Microsoft and Salesforce.com announced a strategic partnership on May 29 that promises to connect Windows and Office to the popular customer relationship management (CRM) cloud ecosystem. Financial terms are being kept under wraps.
The aim is to provide a more seamless, productivity-enhancing Salesforce experience to users of Microsoft’s operating system and productivity software offerings. “The simple truth is that we wanted to bring more value to our mutual customers, and be each other’s customers in relevant areas,” said Microsoft CEO Satya Nadella during a conference call for press and analysts.
Customers are hungry for Microsoft-Salesforce interoperability, claimed Salesforce’s outspoken CEO, Marc Benioff, during the call. “They want this partnership badly,” he said. “They want to be able to work with Office 365, they want to be able to work with Excel, with Outlook, they want to work with all of Microsoft’s apps, and they want to be able to work with Salesforce.”
To that end, the companies are working on a Salesforce1 app for Windows and Windows Phone. “We’re bringing the leading CRM application to Windows devices, both phones and PCs,” announced Nadella. Currently, the sales and marketing app is available on Apple iOS and Google Android devices.
“Our new native Salesforce1 app for Windows Phones is going to give our users the power to run their businesses from their Windows Phones, and we see that in the market today,” said Benioff. Preview versions of the apps for Windows and Windows Phone are planned for the fall of 2014, with a final release in 2015.
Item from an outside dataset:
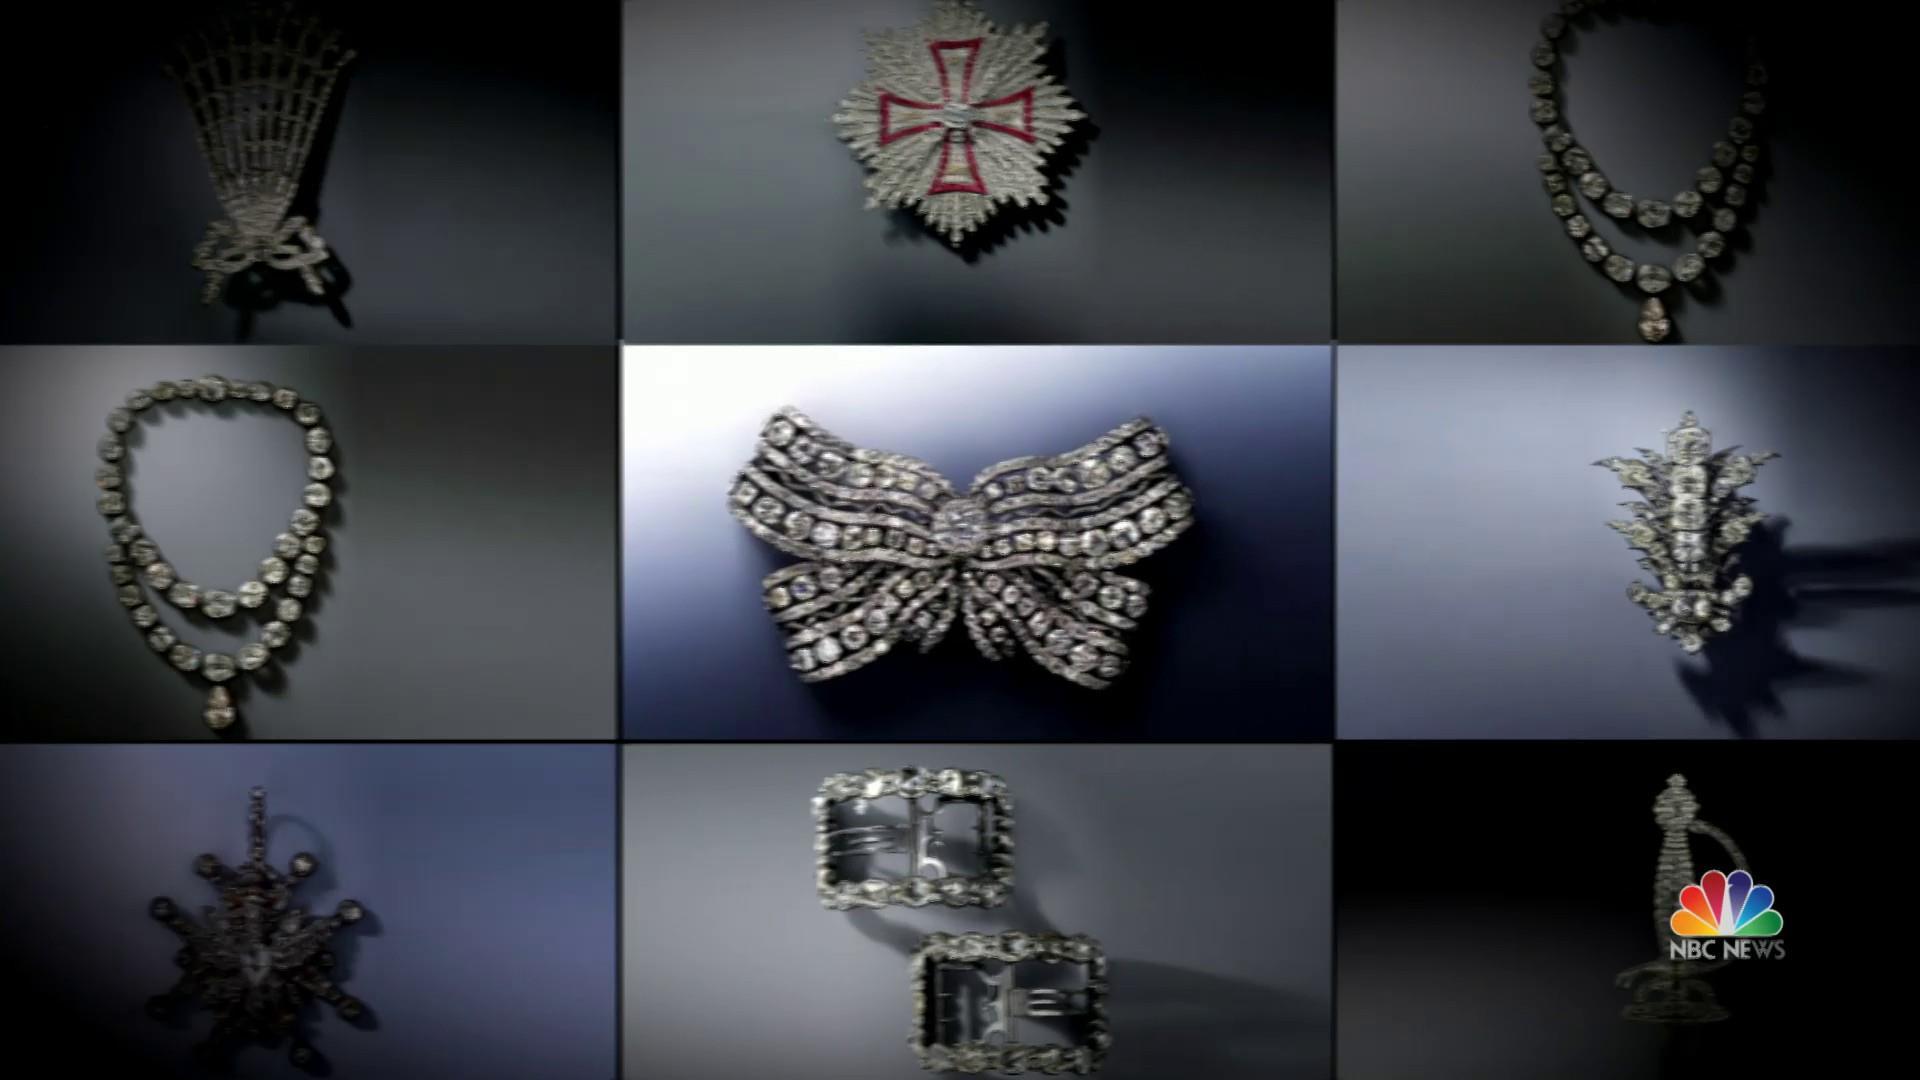 German jewel heist thieves walked off with 49 carat diamond, authorities confirm

In addition, users of Microsoft’s mobile-friendly, cloud-enabled Office 365 productivity suite will be able to tap directly into Salesforce data. Nadella said the companies plan to “empower people to use Office 365 and Salesforce seamlessly together, whether it’s sharing Office documents in Salesforce1 or analyzing CRM data in Power BI for Office 365.”
Microsoft’s OneDrive for Business and SharePoint Online cloud storage services will appear as a Salesforce storage option. A Salesforce App for Outlook is also in the works.
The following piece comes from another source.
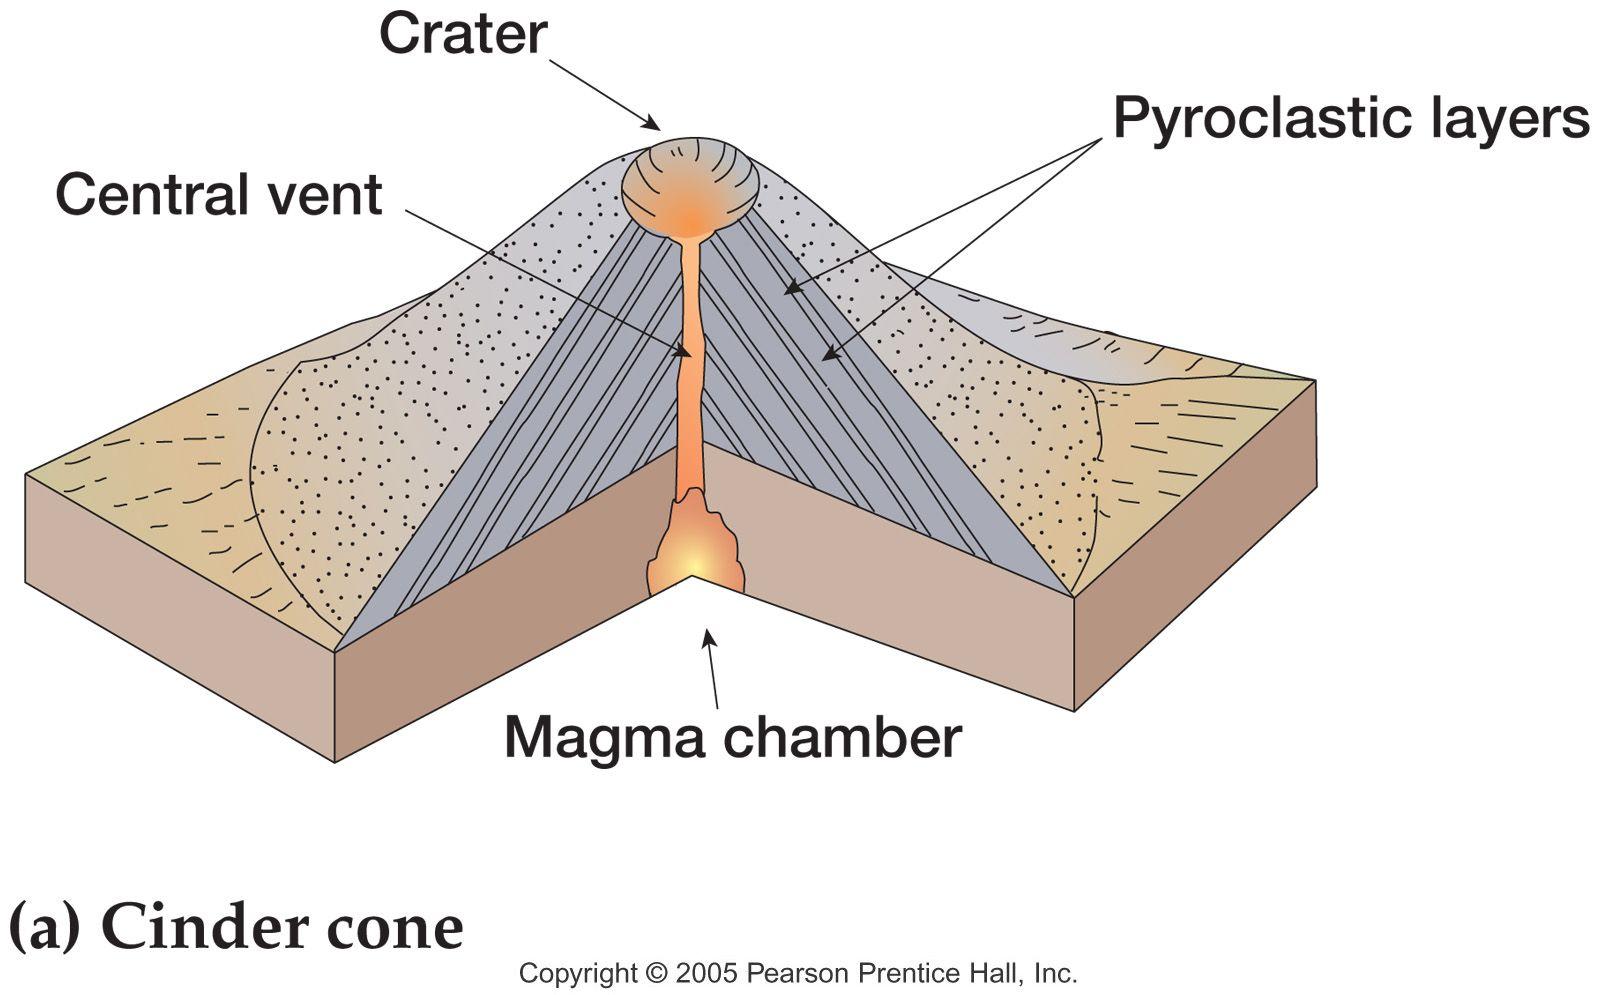 Cinder cone volcano formation diagram electrical work wiring diagram cinder cone volcanoes diagram science fair ideas pinterest rh pinterest com cinder cone volcano examples cinder cone volcano diagram ccuart Images

Salesforce also announced that it plans to continue using Microsoft’s SQL Server as ExactTarget’s database foundation. Benioff added that the company is increasing its “investment and resources on SQL Server.”
Salesforce acquired ExactTarget, a cloud marketing company, in June 2013 for $2.5 billion. Microsoft will continue to use the ExactTarget Marketing Cloud for the company’s “one-to-one digital marketing efforts,” said Nadella.
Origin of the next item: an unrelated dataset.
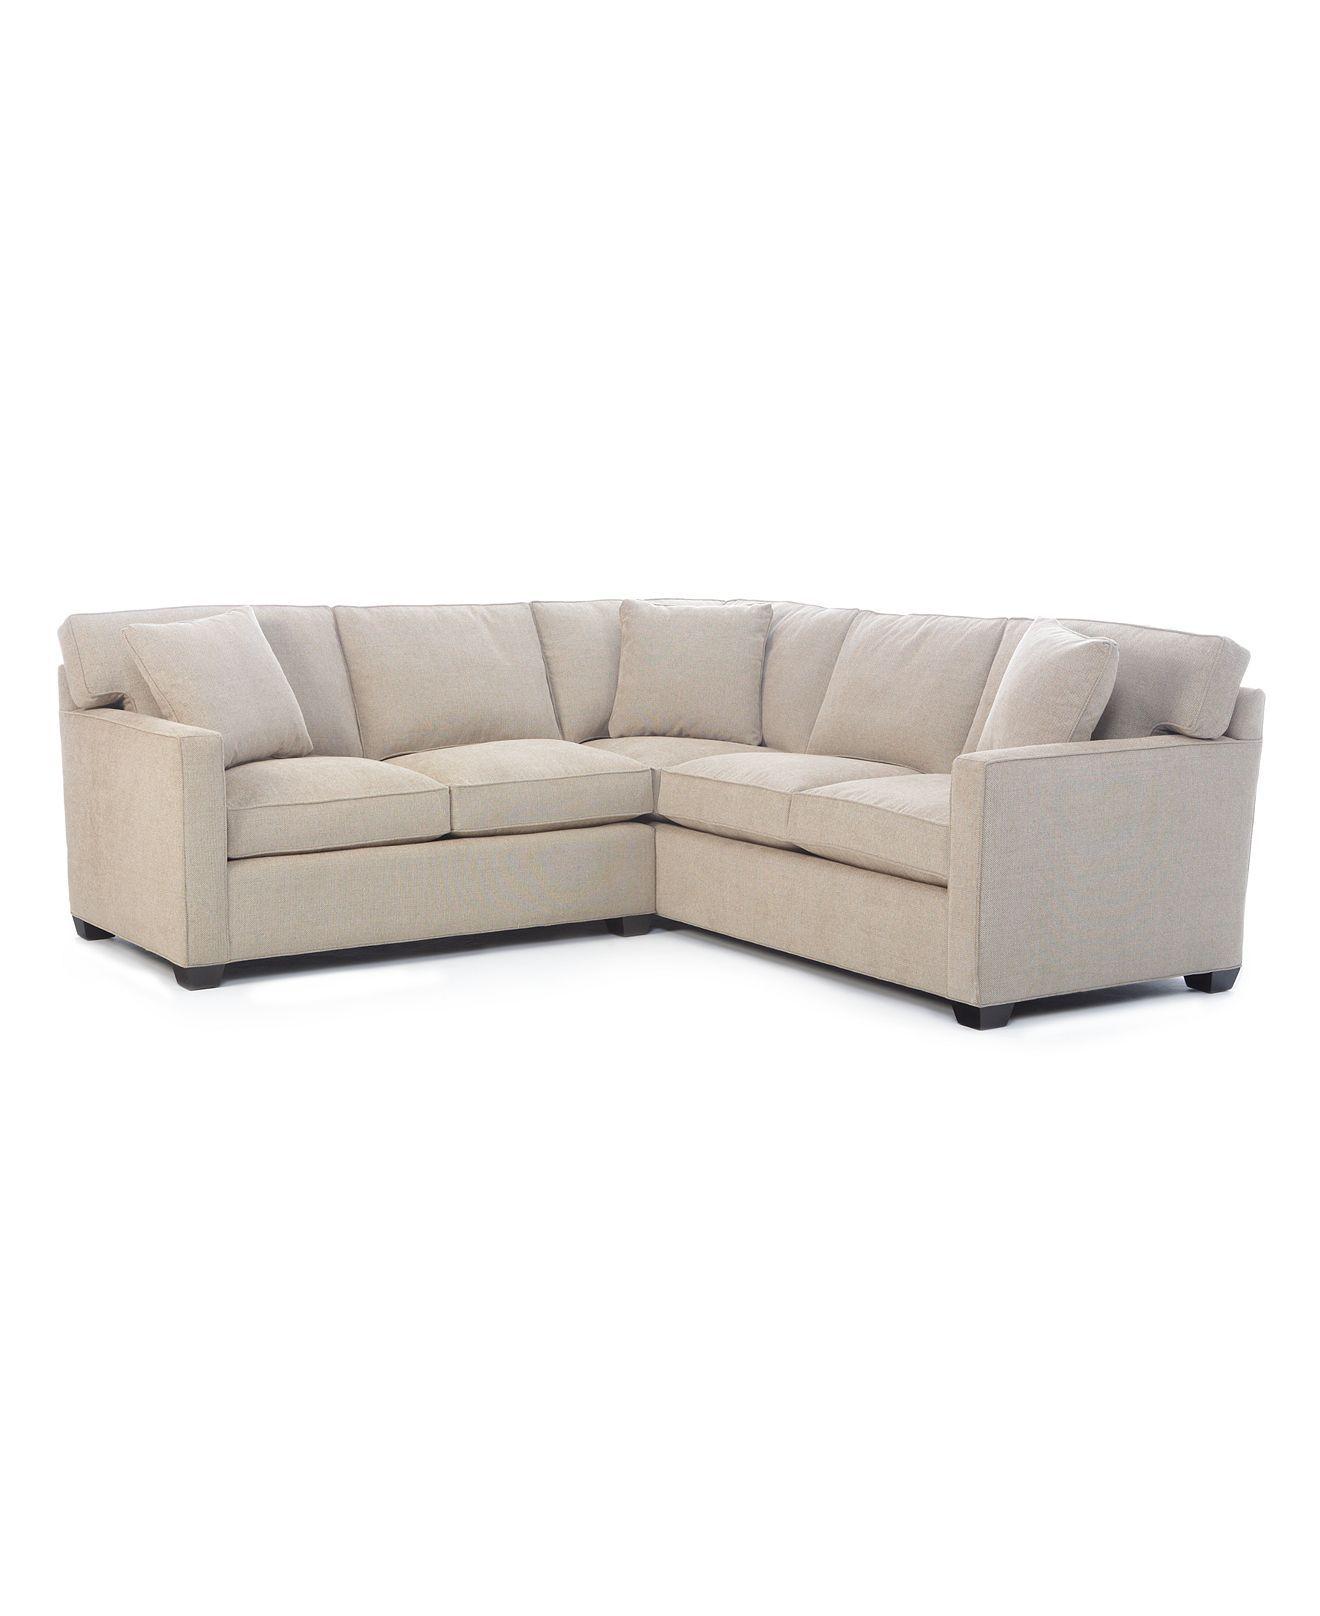 houzz sofas rattan garden furniture cube sofa dining set including parasol elegant gray sectional

For Microsoft, the partnership is an opportunity to snag a high-profile customer for its own Azure cloud. Salesforce, revealed Benioff, “will also use Microsoft Azure for ExactTarget development and testing, and also researching other areas where we can use Azure through our company.”
Ultimately the “partnership is about helping customers extract more value from our technologies” in an increasingly mobile-driven world, said Nadella. “It gives them access to the services they need to be productive, to collaborate, market and sell, wherever they work.”